We illustrate this difference by using a simple example from Nile. Recall that a job j is split into perhaps hundreds of subjobs. Each subjob is represented by a Subjob object, and all of j's Subjob objects are managed by a single Job Manager object for j. Furthermore, in one design of Nile, a Collector object waits for methods invocations from each of the Subjob objects. [14] These method invocations are used to send incremental results as they are computed by a subjob. The collector can then combine and display these partial results to the user who submitted the job.

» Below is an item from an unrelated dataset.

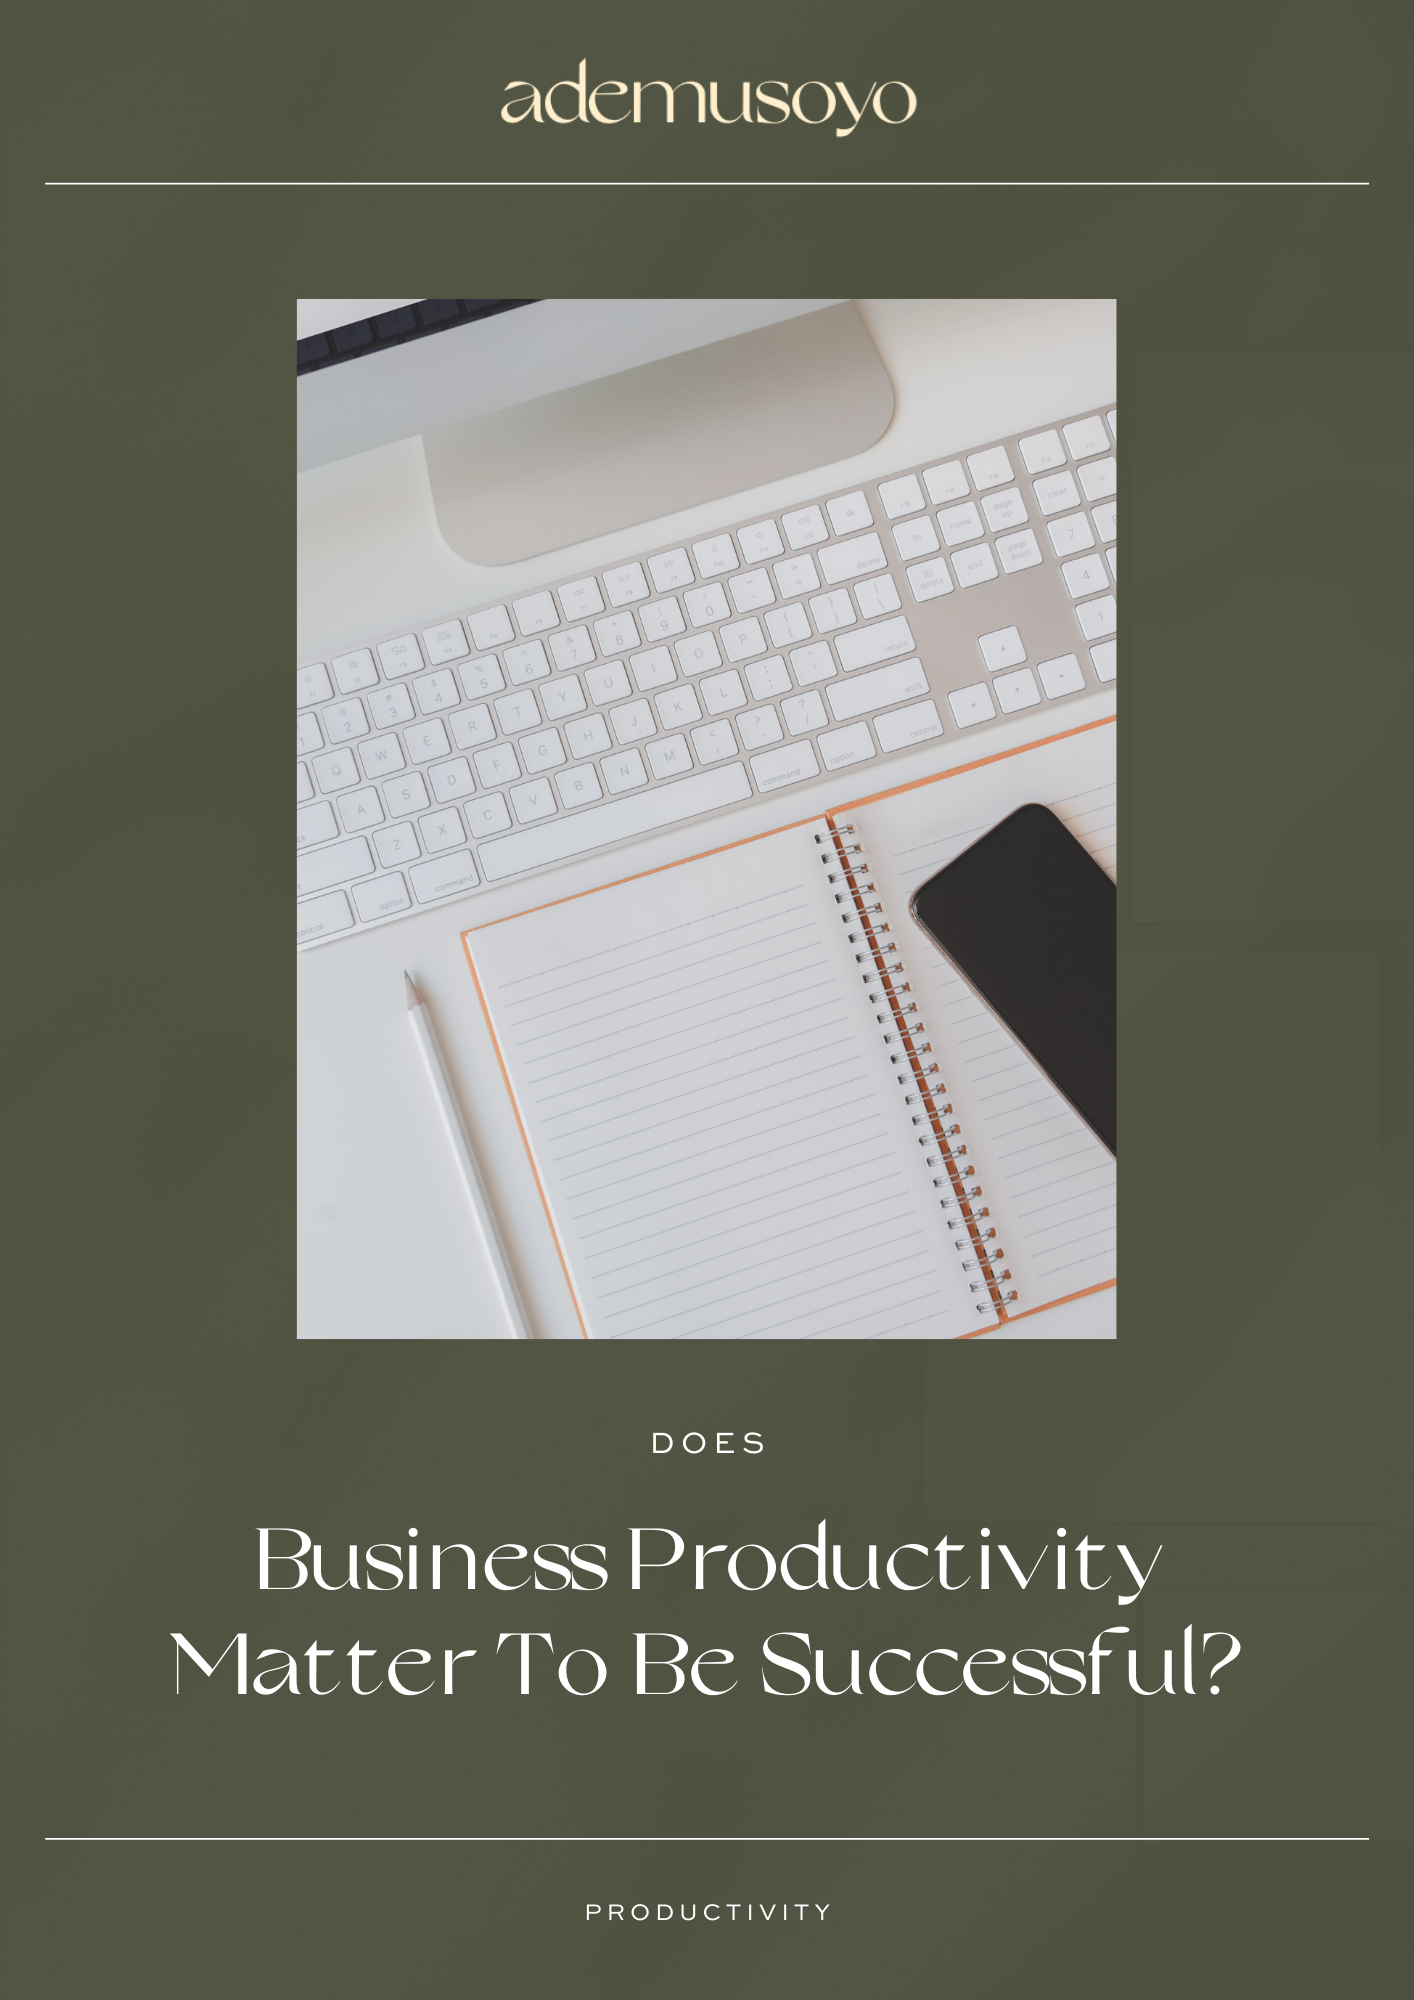 flat lay image of a keyboard with open notebook, mobile phone and text a text overlay at the bottom that reads as Does business productivity matter to be successful?

Subjobs execute at a reasonably constant rate, and so the user has an implicit soft real-time requirement on the accumulation on the partial results. The Collector object can use this soft real-time requirement to decide whether the communication between the subjob and the Collector object is so poor that a partition should be declared and the subjob should be restarted at a new site.

The Job Manager object must agree with the Collector object that there is a partition because the Job Manager is responsible for restarting the Subjob object. In this particular case, this poses no difficulties because the Subjob object does not invoke any methods on the Job Manager object. In general, however, an agreement protocol is required. Suppose that three objects a, b and x are communicating with each other. Let a decide that the quality of service it is receiving from x is insufficient, and therefore decide to stop communicating with x in favor of a fourth object y. If a does not synchronize its switch from x to y with b, then b may find itself simultaneously responding to invocation from x and from a that has decided that x is unavailable. This is exactly analogous to the failover problem in primary-backup protocols [8] and can be solved in asynchronous systems by using a kind of agreement protocol commonly used in group membership protocols [20].

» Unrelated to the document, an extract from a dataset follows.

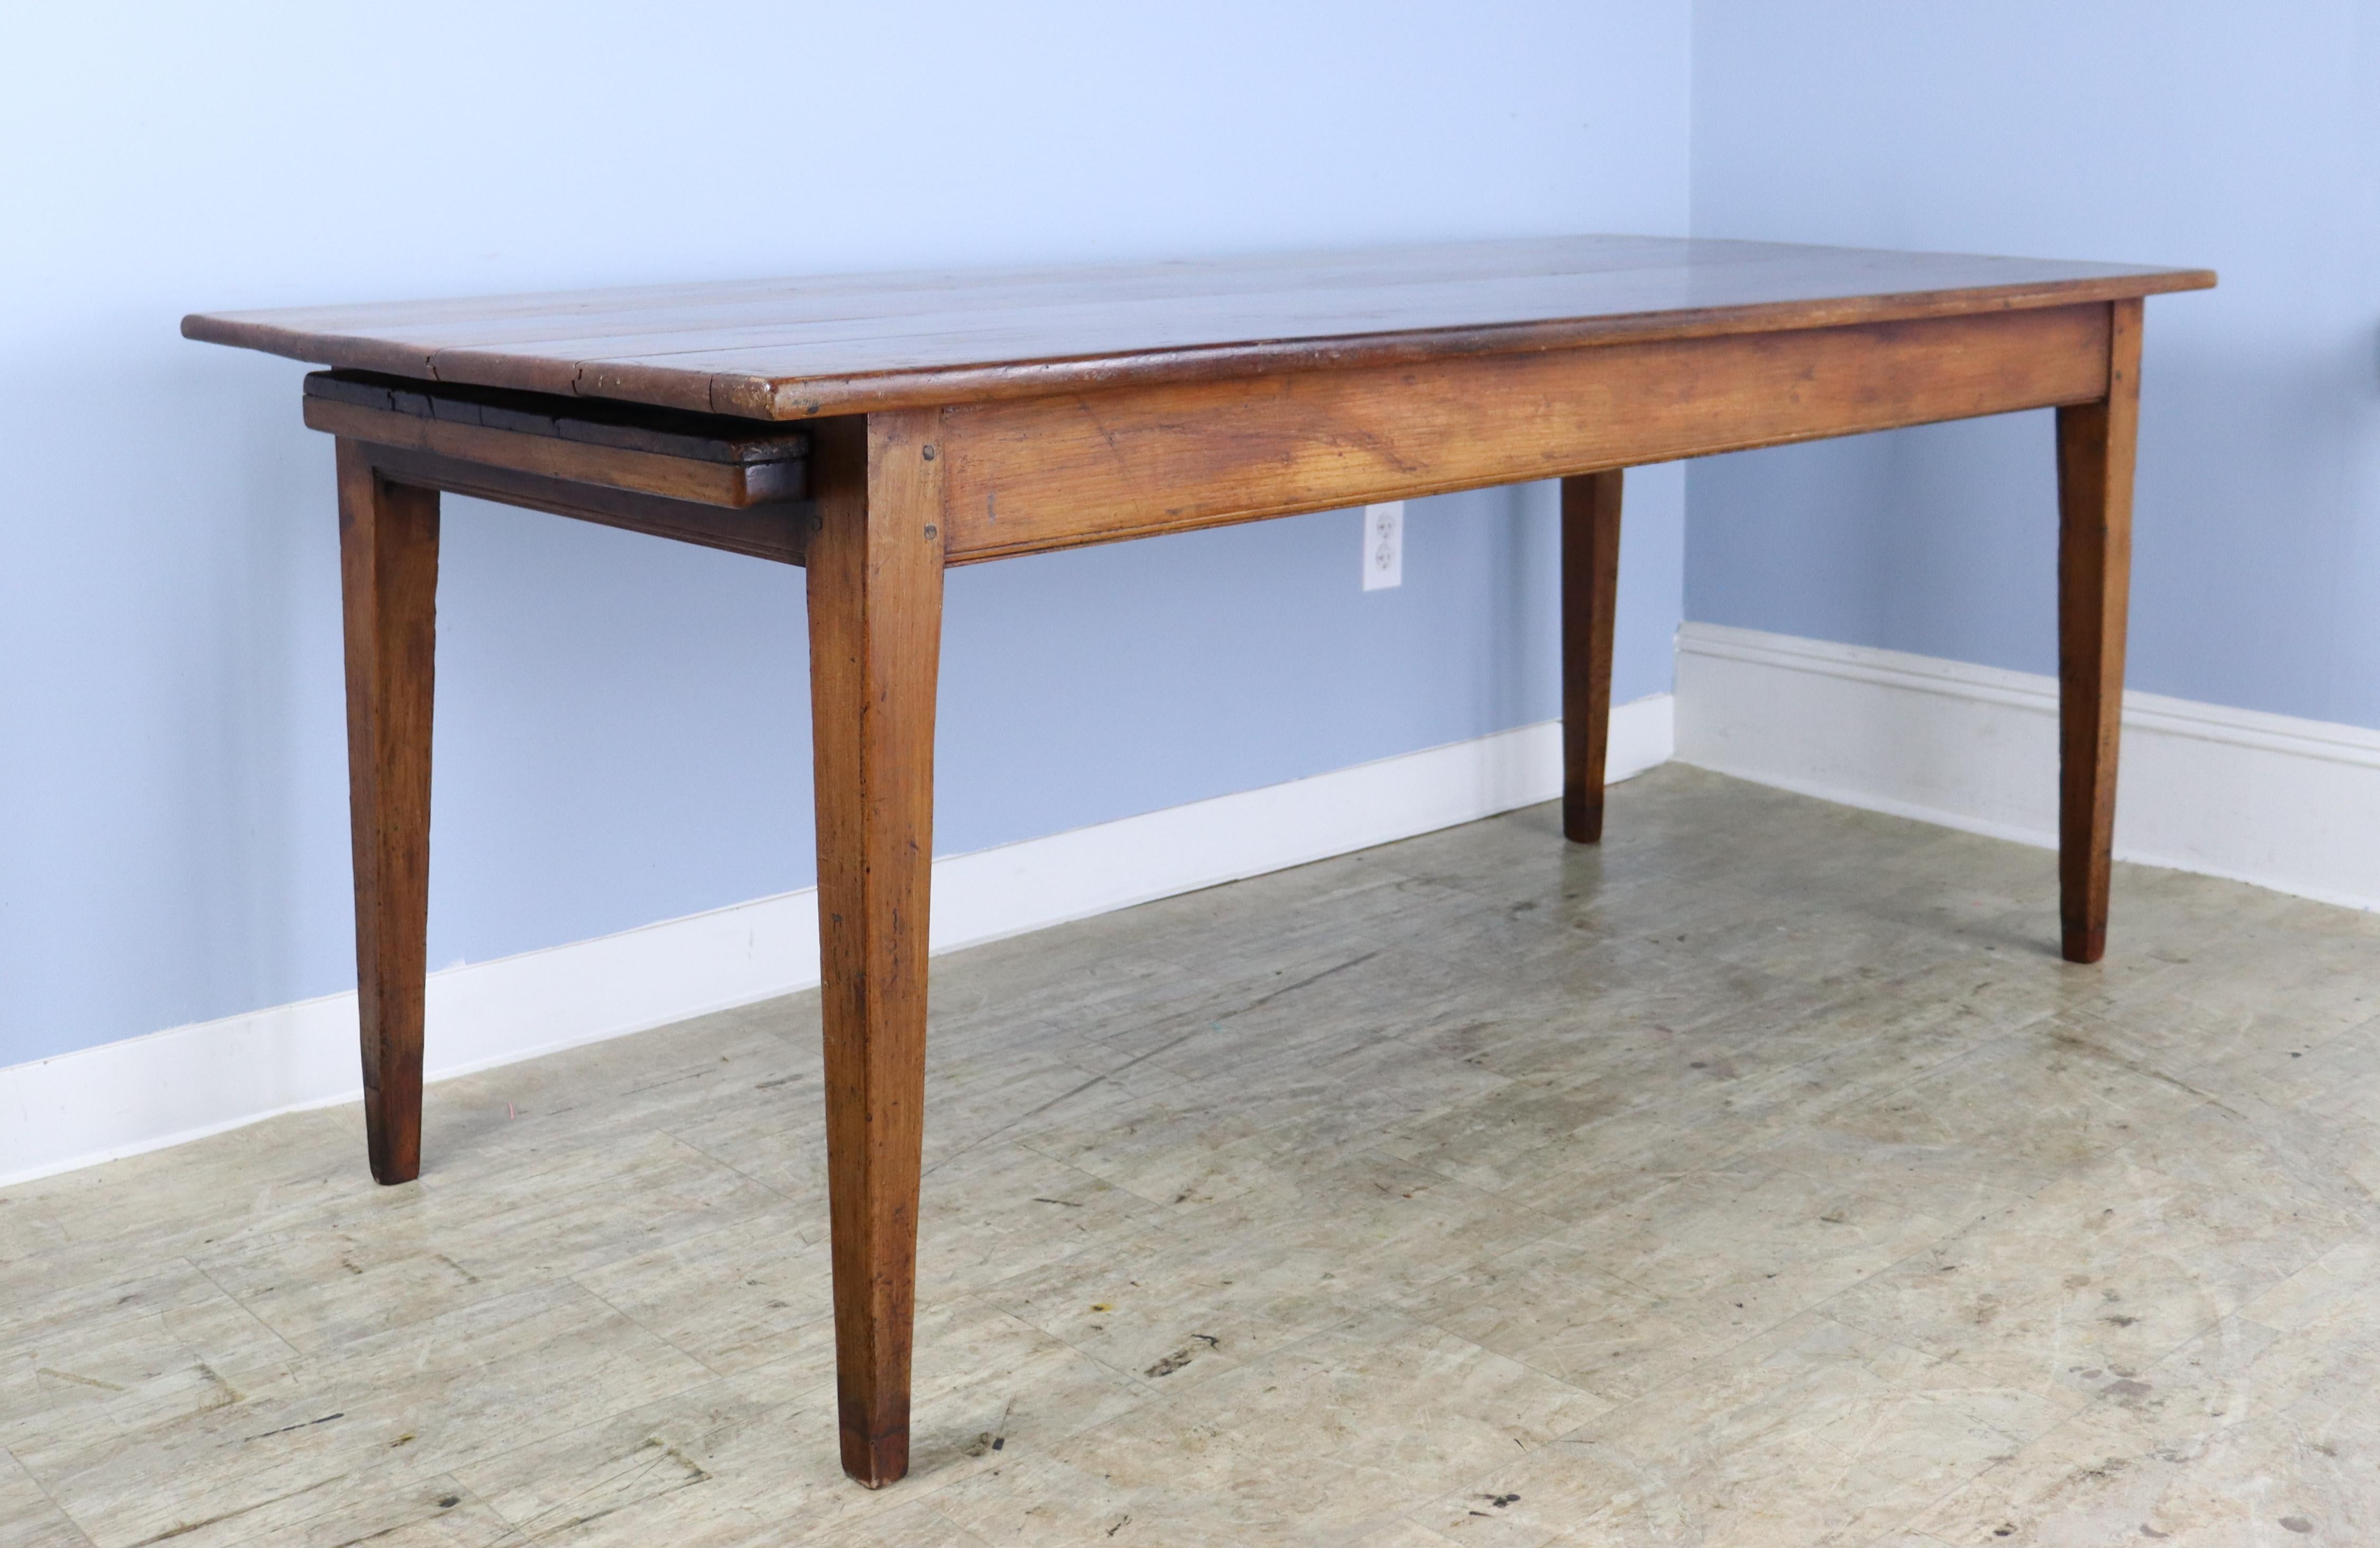 A solid country farm table in warm cherry. The wood has very nice grain, patina and color, and the table's charming drawer and beautiful bread slide add an eye catching design note. Classic tapered legs, well pegged at the base. There are some small

Hence, there are situations in which a decision to adapt to poor quality of service requires an agreement protocol. In other cases, adaptation can occur with a simpler protocol. Deciding when running an agreement protocol is necessary before adaptation is an open problem that we intend to address.

Lazy Active Replication Replication can both improve and reduce availability. It can improve availability because it maintains multiple copies of objects to mask failures. It can reduce availability because these replicas may need to synchronize with each other, which may slow down the service.

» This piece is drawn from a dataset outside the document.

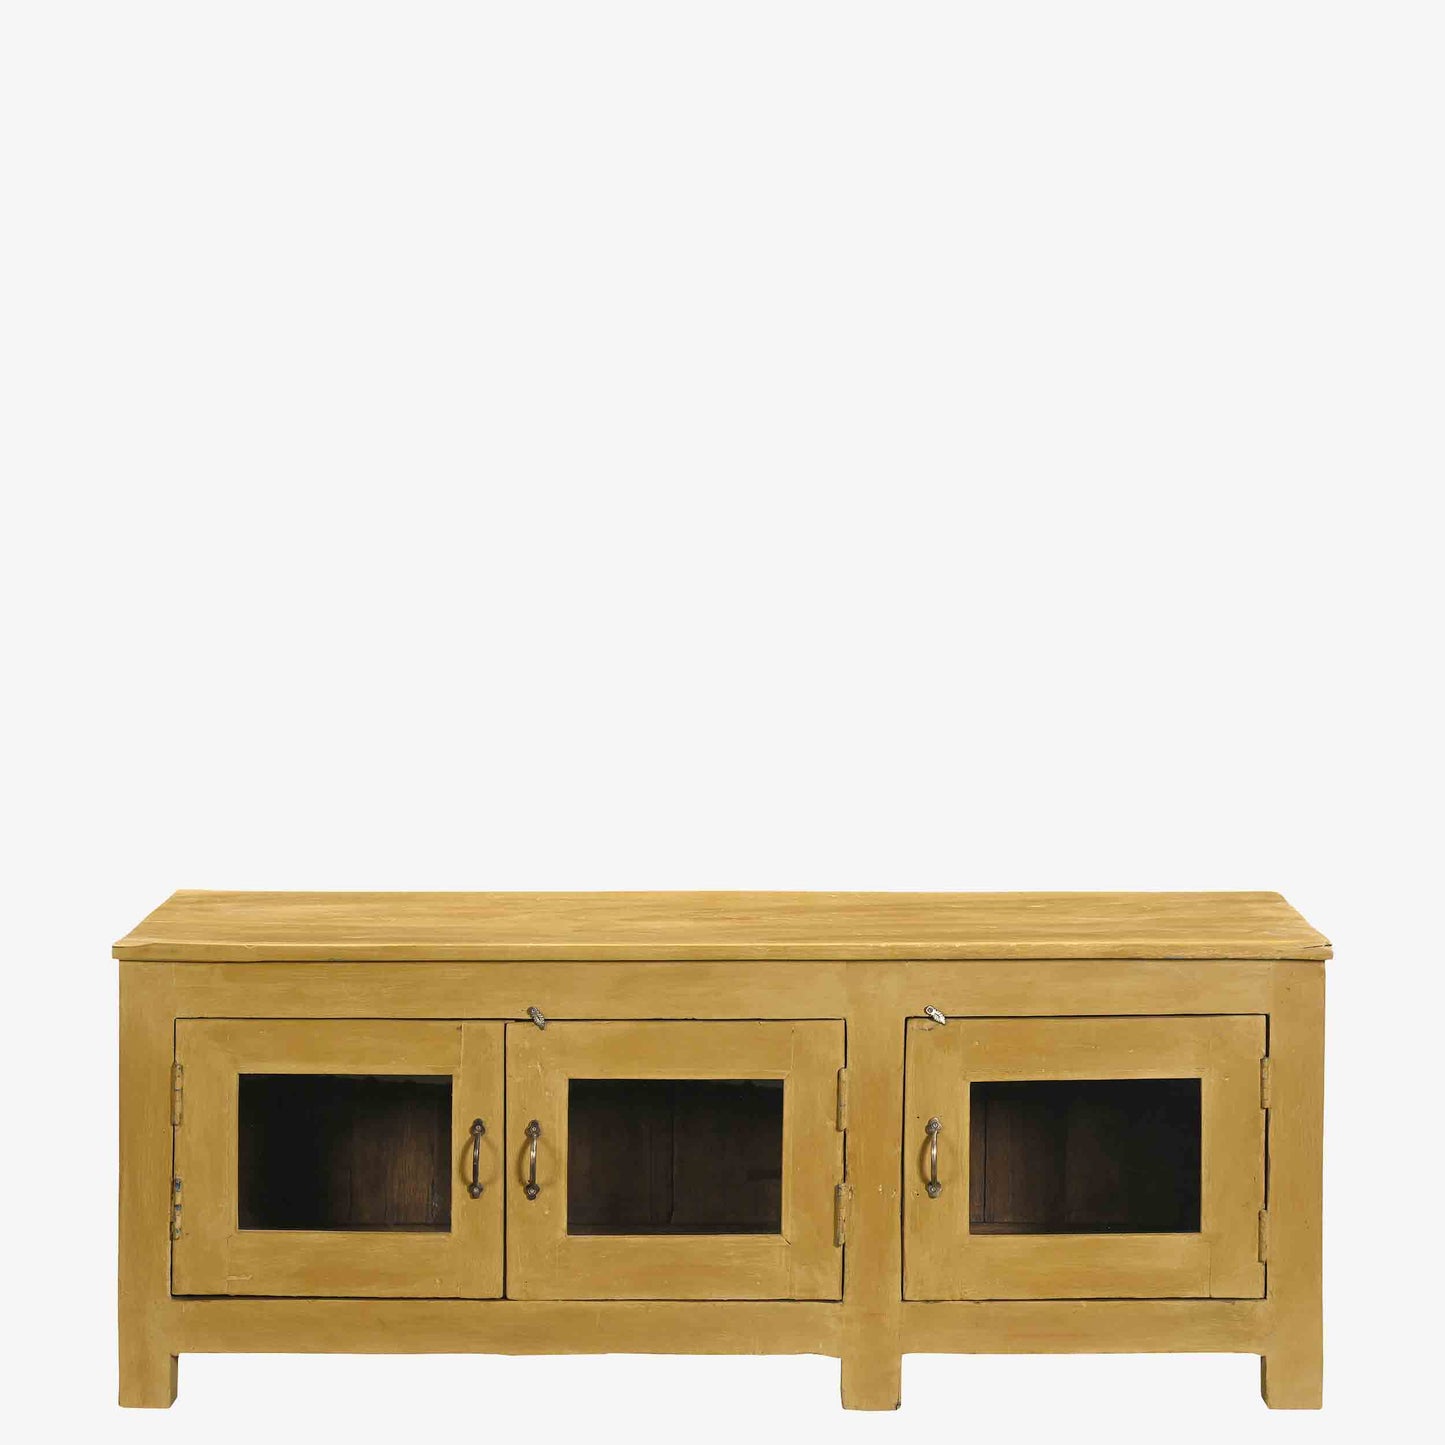 The Tir Antique Sideboard in Field of Wheat Yellow

For example, the Nile Scheduler object decides how to parallelize a job into subjobs and allocates subjobs to sites based on the location of the data that the job references and the availability of computational resources in the different sites. One way to implement this scheduler is to use active replication with a small number of replicas all located within the same site S. This solution is attractive for its simplicity, but it allows the service that the scheduler provides to become unavailable to objects in another site S' when S' partitions away from S. An alternative solution that addresses this limitation places a replica at each site. Assuming that partitioning can occur between any pair of sites, placing a replica at each site ensures that a global scheduler is available to any object no matter how the network partitions. If one wishes the service to behave identically to the single-site solution, then the replicas must use atomic broadcast to mutually update their states. Atomic broadcast, however, does not scale well with the number of recipients, and so any realistic solution that uses this degree of replication would instead need to be satisfied with less consistency than what atomic broadcast provides [14].

One might try to address this scaling problem by creating replicas only when they are needed. For example, one could create a global scheduler replica g' in site S' only when it partitions away from S. Ideally, one would create g' with the same state that the global scheduler g in S held immediately before the partition. Unfortunately, one cannot usually predict partitions and so this approach is unimplementable. We can, however, create g' with a state that is indistinguishable by the objects in S' from the state held by g' when the partition occurred. Let gx be the latest state of g that casually precedes the state of some object x. For all such x in S1, we ensure that the state to which g' is recovered does not causally precede the state of gx. We call this approach lazy active replication, since it creates a replica only when needed, yet the application is as consistent as if it had been created and updated using active replication before the partition occurred. In fact, the consistency provided by lazy active replication is very similar to the consistency provided by partitionable group membership protocols such as [6,11,16].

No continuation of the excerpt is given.